Digital has driven a bias towards quantitative, all we hear about is A/B testing to the point where we feel diminished if we do not do it. However, this mad reliance on the quantitative is a nasty illusion,  a mirage, leading many astray. Qualitative has a huge place in telling the future,  it is a way to fill in the behavioural blanks, to imagine what may happen  in a given situation.

Qualitative research can be an aid to the intuition born of experience, and domain knowledge, factors not able to be quantified. It is also a great way to surface the questions that need to be asked in a following quantitative process, which is useless without the questions that go to the heart of the drivers of the behaviours being quantified.

Qualitative research when done well, and unfortunately I have seen it done poorly more often than well, digs into  the psychological and motivational aspects of behaviour. Not just what we do, but why we do it, and what might we do in the future.

The missing ingredient in most ‘future-telling’ exercises, usually called ‘forecasting,’ is the wisdom born of experience. Frederico Fellini once quipped that ‘experience is what you get while looking for  something else’.

It seems to me that wisdom, and the insights that emerge from that wisdom, come from a lot of experience.

 

Mistaking growth for optimisation can be terminal

 

Generating rapid growth in a business entails a constant choice that simply must be made, but is usually missed.

It is the choice between ‘growth’ and ‘optimisation’.

They require different skills, strategies, and resources.

Let me explain.

‘Growth’ implies something less than a double digit year on year increase. While that may stretch resources, it is often  ‘Doable’, while very challenging. ‘Rapid growth’ is much harder,  requiring the acquisition of many new customers, assets, movement into new markets, product or geographic areas, and a higher risk profile.
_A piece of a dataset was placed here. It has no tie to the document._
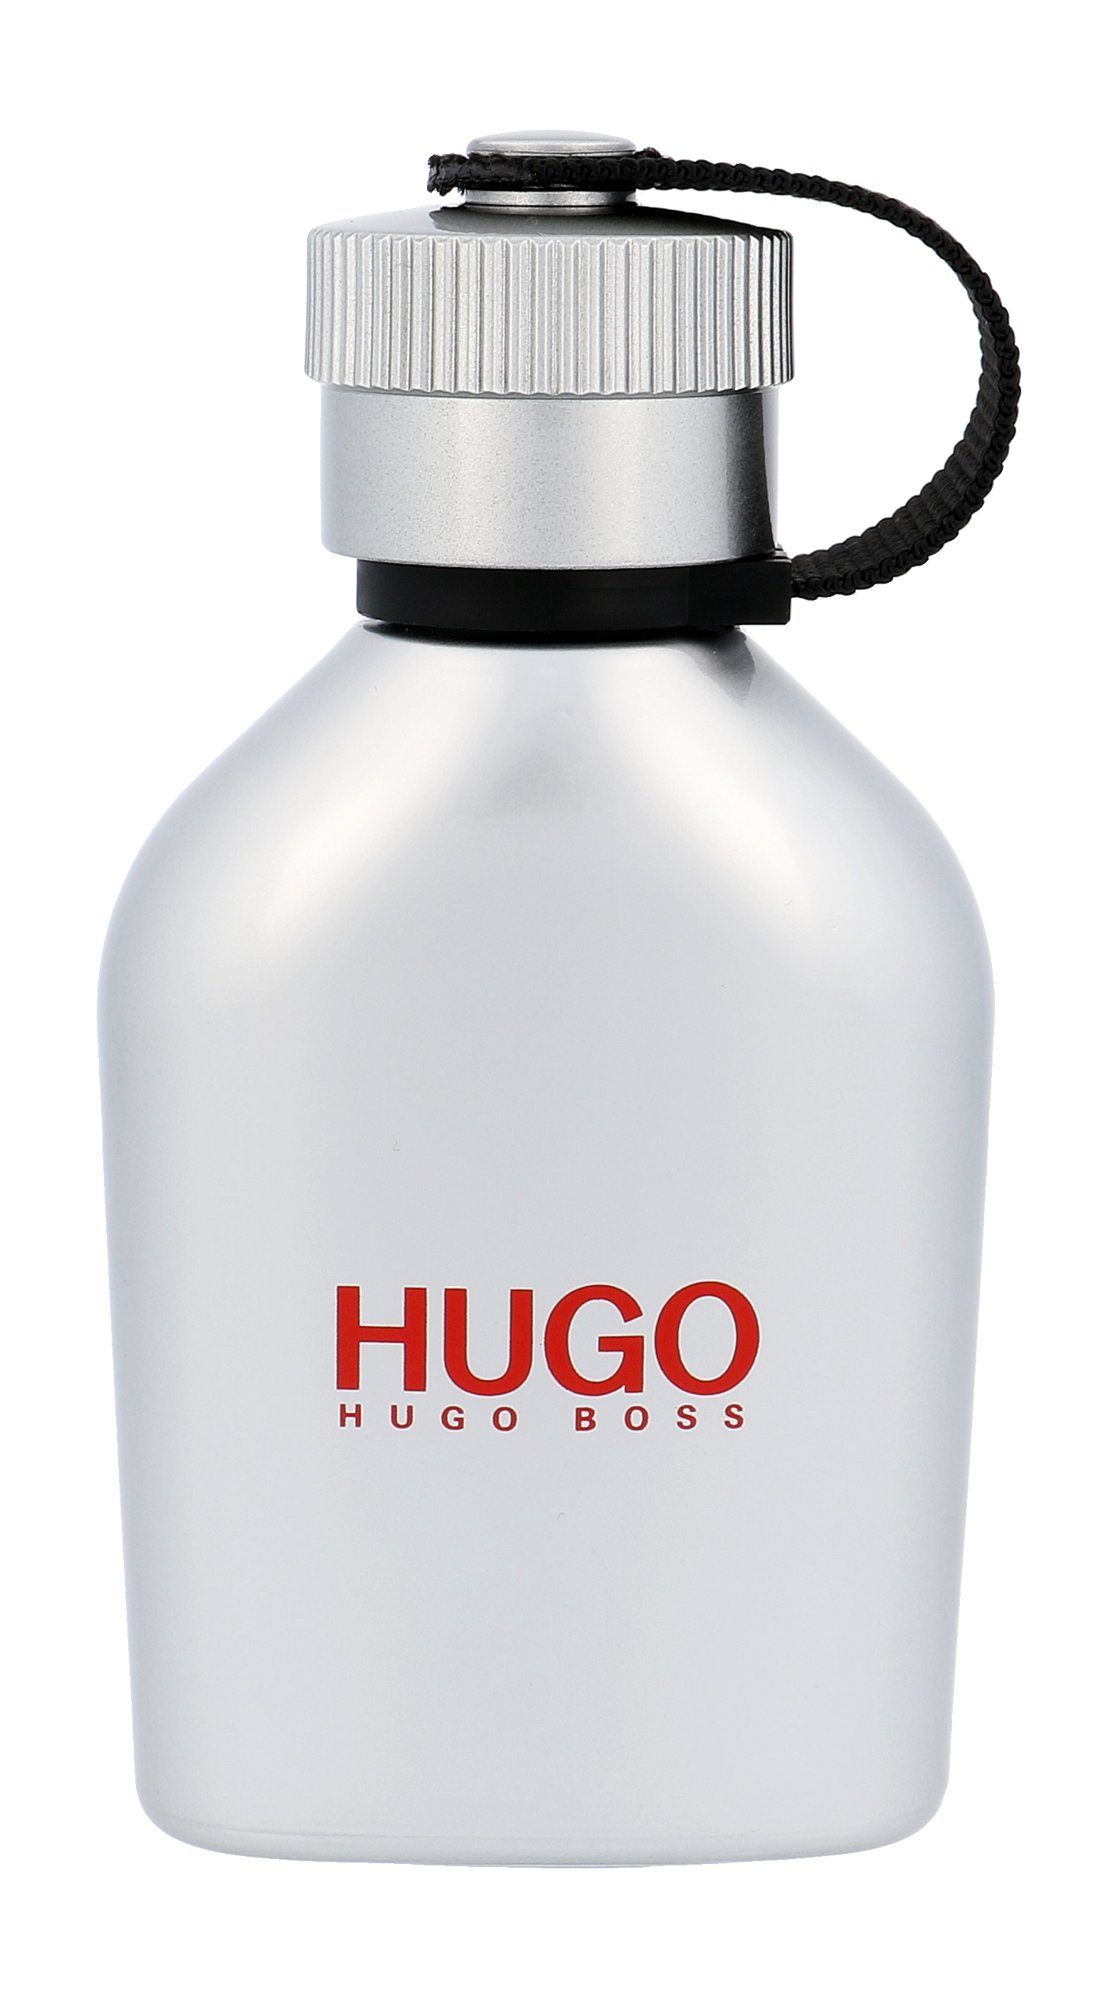 HUGO BOSS Hugo Iced, Toaletná voda 75ml

It is often aspired to, even budgeted, but is relatively rare.

‘Rapid growth’ is also usually very scrappy, you are fixing things on the run, adding resources, are short of cash, and so it requires people comfortable with ambiguity, uncertainty, and a drive to do new stuff.

By contrast, optimisation is taking what is currently done, and improving it, bit by bit, on a continuous basis. The scrappy, seemingly undisciplined and almost random frenetic activity of a rapid growth enterprise makes them uncomfortable.

Think about Olivetti, the king of the typewriter market.

They made wonderful typewriters, best in the business, optimised continuously for 75 years. Into this mix comes a scrappy unreliable substitute, the word processor and attached printer, that costs more than an Olivetti, and does not deliver the same quality of output.

To Olivetti management, it was less than a threat, more of a nuisance, that would soon go away, so they continued to optimise their machines, rather than recognising that the scrappy, word processor would rapidly steal not only their market, which was typing pools, but destroy them, and create new ones. The word processor was an entirely different  tool, one that gave everyone the ability to type and print from their desk, a much quicker, more flexible, and hugely democratising change in organisational life. Olivetti was obsessed with their machine, not seeing the customers as anything more than users. Word processors gave everyone a power that had been concentrated in the executive suite, creating a terminal strategic change that Olivetti failed to see.

Is your strategy clearly making the distinction between optimisation and growth, as they are different beasts, requiring different capabilities.